I just got one about 3 weeks ago and I really enjoy it. Its a little louder than what I'm used to switching from a longbow to recurve but I'm told that a recurve will be louder anyhow. Having said that, it is a very good shooting bow. Imo


----------



## chenryiv (Apr 20, 2012)

George @ Archery Learning Center in Snellville has one in stock. I think it's a 45#. He can order one in short order.  It a very smooth shooting bow & fast to boot.


----------



## Golightly (Apr 21, 2012)

Matt at Army Navy in Stockbridge is a Hoyt dealer now.  Give him a call.  I do not go anywhere else for bow tuning.  Great guy.


----------



## snakekiller (Apr 21, 2012)

I been shooting mine for a few months and love it it is a little louder than my longbows but I shoot the recurve better . I still love my big jims bows to just gonna keep them both.


----------



## chenryiv (Apr 21, 2012)

Golightly said:


> Matt at Army Navy in Stockbridge is a Hoyt dealer now.  Give him a call.  I do not go anywhere else for bow tuning.  Great guy.



X2


----------



## crazyjigr (Apr 22, 2012)

Shoots very good, high priced 
Store in Augusta had a large variety in stock
Price was best I found just could not pull the trigger on non wood trad bow


----------



## gtfisherman (Apr 23, 2012)

crazyjigr said:


> Shoots very good, high priced
> Store in Augusta had a large variety in stock
> Price was best I found just could not pull the trigger on non wood trad bow



I hear ya. Where in Augusta?

This is taking a back seat right now since a good friend who sees the need to enable my bow weakness is selling me another Big Jim Buff...


----------



## markland (Apr 23, 2012)

I have had mine since Jan and is probably the best shooting recurve I have ever had.  I was a BW shooter for 12-13 years and Bob Lee bows before that.  I sold all my BW and am keeping this Buffalo bow.  Faster, smoother, and quieter then my other bows and is highly adjustable to perfectly fit me and my shooting style.
I got mine very quiet, just have to pad the limbs, change out the factory string and I picked up more speed as well.  My Buff in factory form was 11fps faster then my BW set up the same poundage, arrow, etc.  Now with a new string and 25gr lighter arrows I am 19fps faster then my previous setup.  Love that bow!


----------



## Vance Henry (Apr 27, 2012)

Waldens outdoors in Augusta has a few.


----------



## TIMBERGHOST (May 1, 2012)

I had a chance to shoot a few arrows out of one at NGT April 1st.  Very smooth, very fast, and extremely accurate. Seemed lighter in physical weight than my PMA.  Everybody knows I love my Black Widow recurves but if I was ever to stray that Eichler Edition Hoyt Buffalo has my attention.  Great bow!


----------



## Tikki (May 1, 2012)

I have 2 (50# &55#) and like them both. As many have mentioned it is a well balanced bow - kind of heavy though when stalking. The string noise can me dampered with the proper silencers and limb guards. Over all it is a great bow!


----------



## gtfisherman (May 1, 2012)

Thanks guys!

Dendy got me back into the Biggie fold though... :0

And in order to make my 3 piece bow happen I ordered a Timberhawk Hunter. Should have it in the first of September.


----------



## sawtooth (May 5, 2012)

can i still shoot it ever' now and theN?


----------



## TGbow (May 5, 2012)

gtfisherman, sent you a pm


----------



## gtfisherman (May 6, 2012)

sawtooth said:


> can i still shoot it ever' now and theN?

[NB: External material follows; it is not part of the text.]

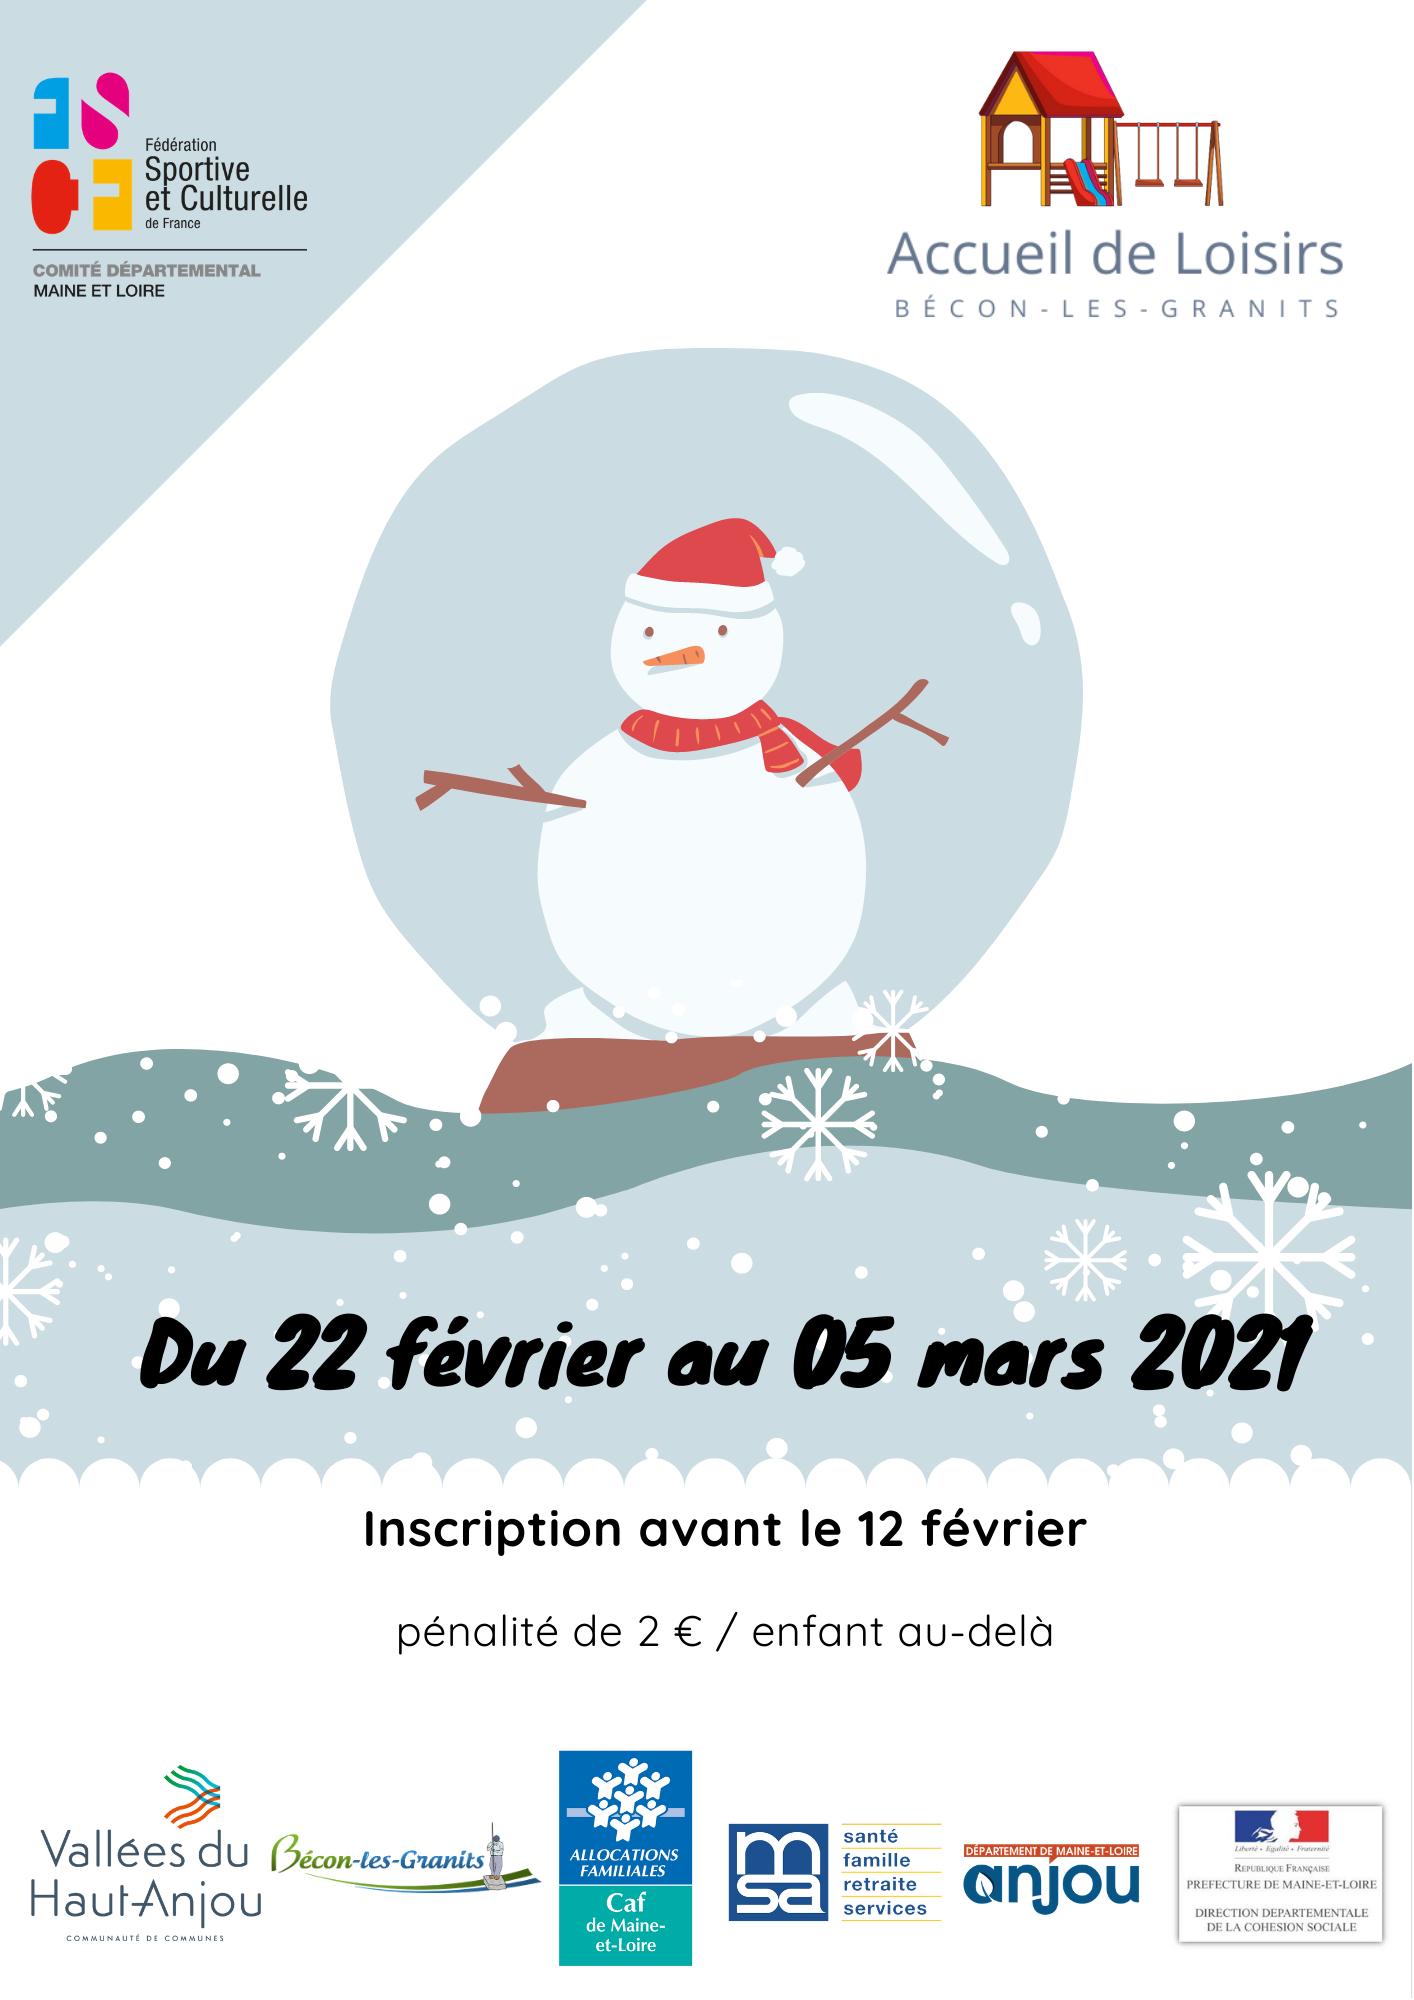 Affiche accueil de loisirs - bécon 2021.png

Seein as how you trained this bow so well that it stacks arras into nothing I imagine I can let you shoot it again.


----------



## Daryle2248 (May 8, 2012)

I shot one yesterday at the Army Navy Store in Stockbridge and it shoots Sweeeeet. The draw was very smooth an virtually no hand shock. It was a little heavier and louder than I expected.  Close your eyes and you'd think you were carrying a compund bow. The noise could be due to the fact that I was shooting inside their indoor range.  It may have been quieter if I were in an ideal environment such as the woods/outside. I did like the fact that you could adjust the poundage and tiller. One more thing, Hoyt is very proud of this bow ($PRICE). “Ouch”. With that being said, if I had the money, I’d be shooting it this afternoon.


----------